Item 3: In a series of screenings around the country, the award-winning film For the Bible Tells me so challenges the Christian Right's attack on homosexuality by showing the lives of faithful GLBT people and their families.
Item 4: The California Council of Churches filed an amicus curiae brief against Prop 8. This group represents over 4000 congregations of different mainstream traditions as well as ecumenical allies from other faiths.
Item 5: Finally, today, the estimable Mary Frances Berry of the Commission on Civil Rights takes on the subject:
To help resolve the issue of gay rights, President-elect Obama should abolish the now moribund Commission on Civil Rights and replace it with a new commission that would address the rights of many groups, including gays.....

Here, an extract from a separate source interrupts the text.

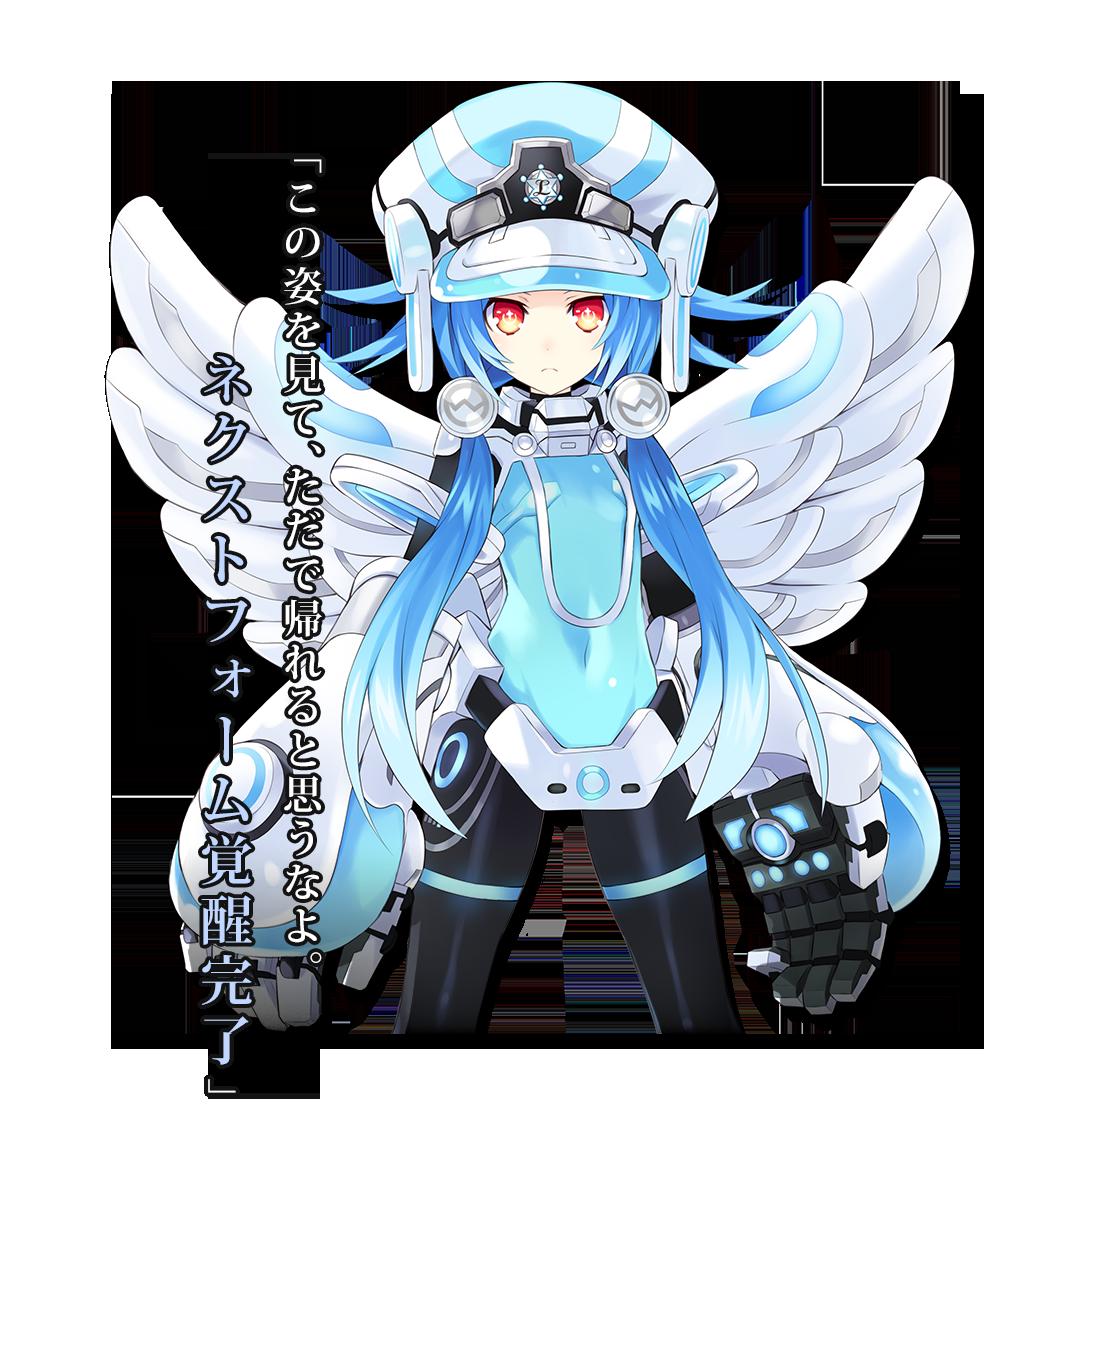 Hyperdimension Neptunia Victory II - CPU Goddess 'NEXT ...

There is no need to analogize the battle for the rights of gay and lesbian people to the struggle of African Americans to overcome slavery, Jim Crow and continued discrimination. But as Coretta Scott King said to me as she tried to imagine what position the Rev. Dr. Martin Luther King Jr. would take on “don’t ask, don’t tell”: “What’s the yardstick by which we should decide that gay rights are less important than other human rights we care about?”
We know that the anti-gay rights people are on the losing side of demographics. They are fighting savagely as a result. But perhaps with other changes, they are losing the battle to define Christianity by their exclusionary rules. And perhaps with the progressive Christians increasingly and vocally on our side, we can win this battle and offer the positive side of change, with peace.
Obligatory disclaimer: I am an atheist lesbian, married (at least for now) in California. But I live my life among people of faith, people whom I respect, and I am intrigued with how progressive straight Christians are now picking up the rainbow flag to march with us.